Epidemiology is the study of the distribution and determinants of disease. The following measures are commonly used in this type of research:
- Prevalence is the proportion of existing injuries/ disease cases conditions within a particular population.
- Incidence (absolute risk) is the proportion of new injuries/ disease cases within a specified time interval (requires a follow-up period).
-
RR is a ratio between the incidences of an outcome in two cohorts. Typically a treated/ exposed cohort (in the numerator of the ratio) is compared with an untreated (control) group/ unexposed group (in the denominator of the ratio). Values can range from 0 to infinity and are interpreted as follows:
- RR = 1.0: indicates the incidences of an outcome are equal in the two groups.
- RR > 1.0: indicates the incidence of an outcome is greater in the treated/ exposed group (higher incidence value in the numerator).
- RR < 1.0: indicates the incidence of an outcome is greater in the untreated/ unexposed group (higher incidence value in the denominator).
-
OR is calculated as a ratio between the probabilities of an outcome in two cohorts.

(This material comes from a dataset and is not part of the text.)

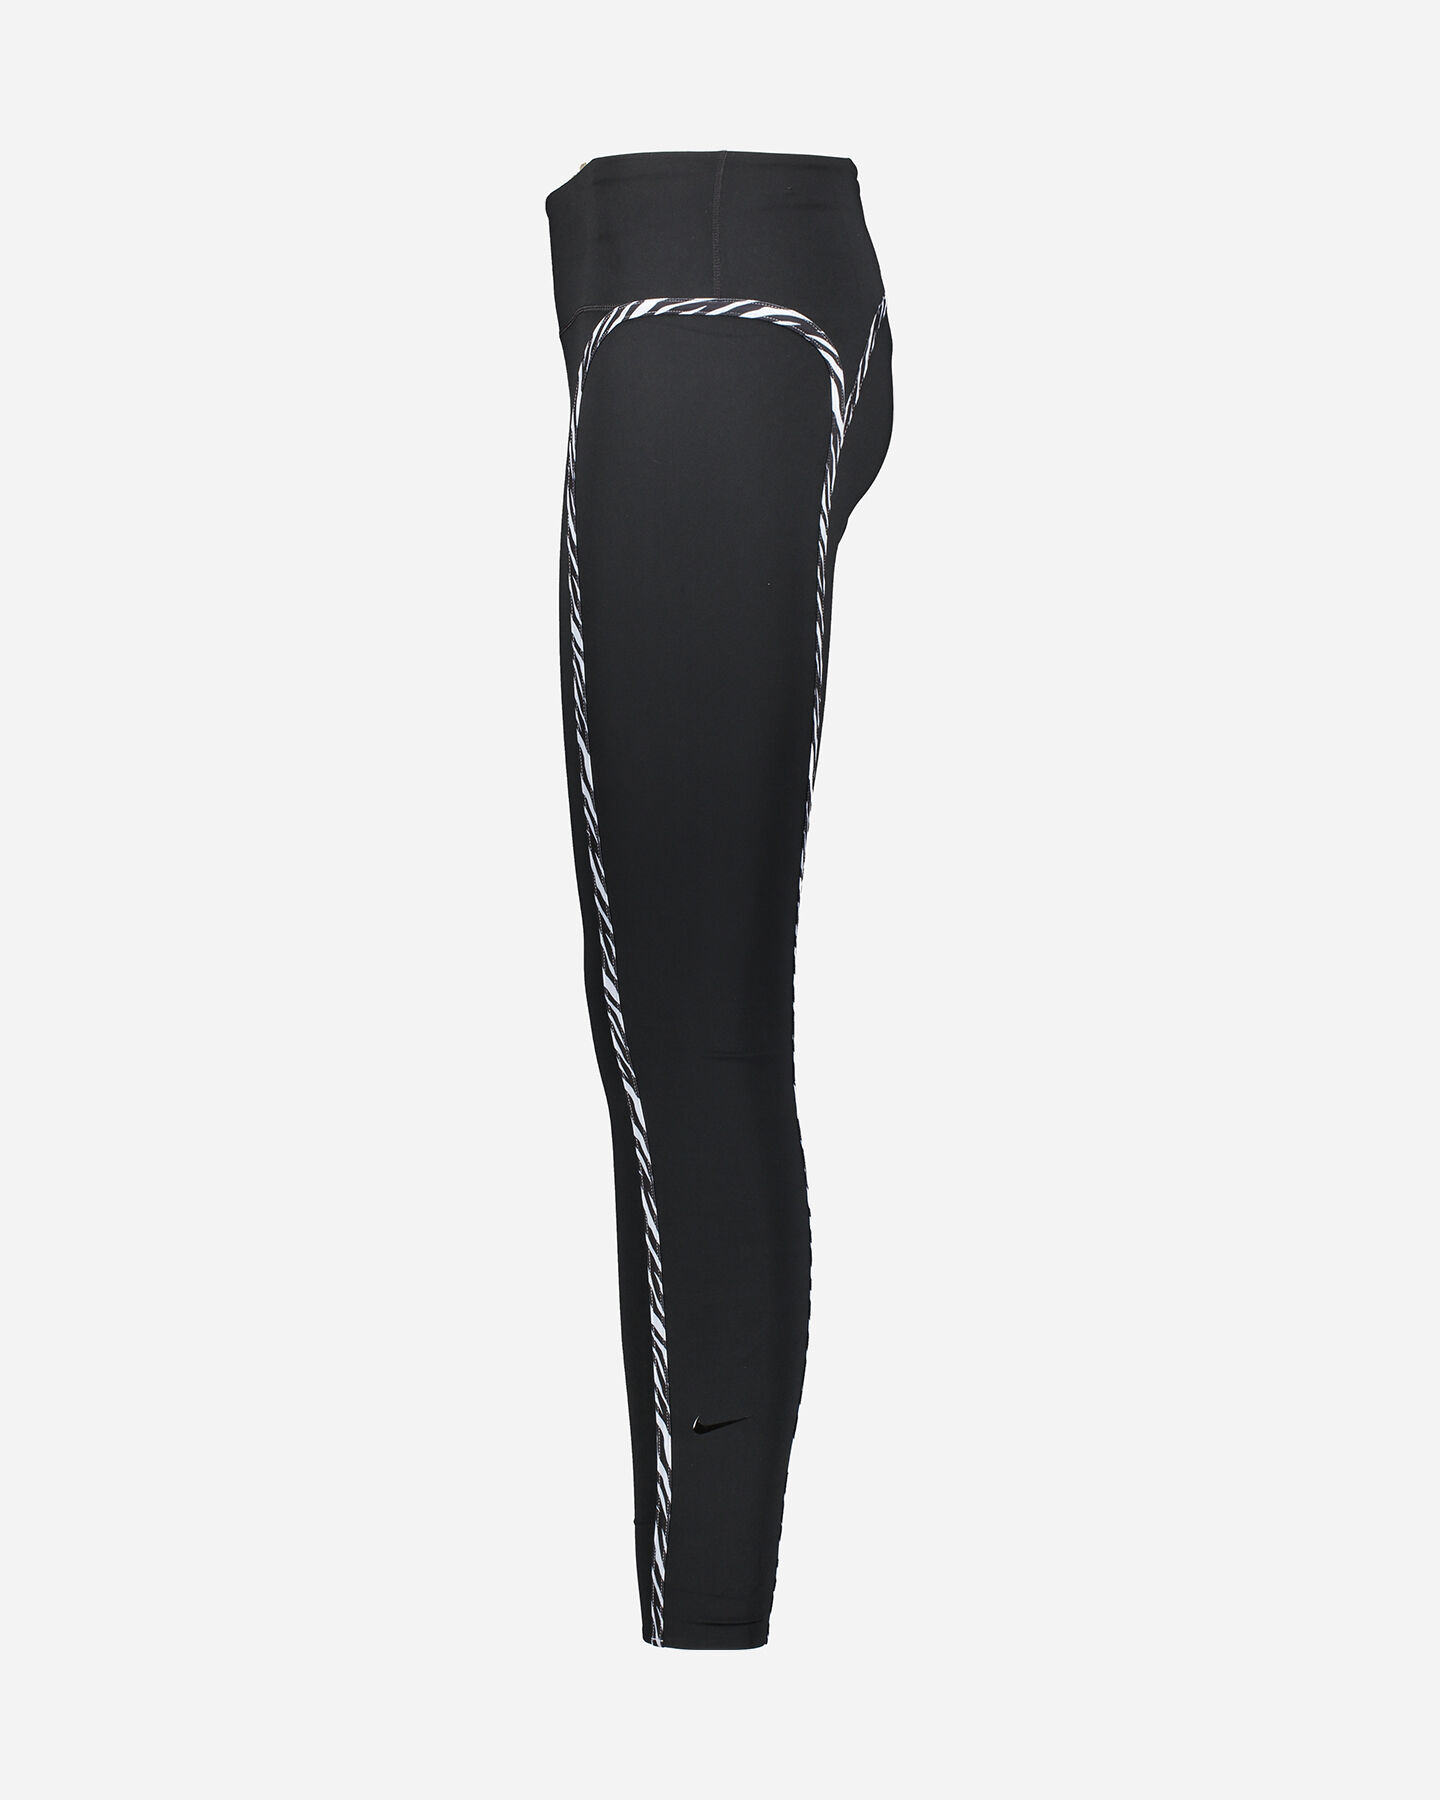  Leggings NIKE POLY ONE LUX W S5269826|010|XS scatto 1

- ORs are well suited for binary data or studies in which only prevalence can be calculated.
-
Interpreting RR and OR •
- OR and RR values are interpreted similarly.
- In the comparison of outcomes between two groups, an RR or OR value of 0.5 would indicate that treated/ exposed patients have half the likelihood of experiencing a particular outcome than that for the untreated/ control group.
- A value of 2.5 would indicate that a treated/ exposed group would have a 2.5 times greater likelihood of experiencing the outcome than the untreated/ control group.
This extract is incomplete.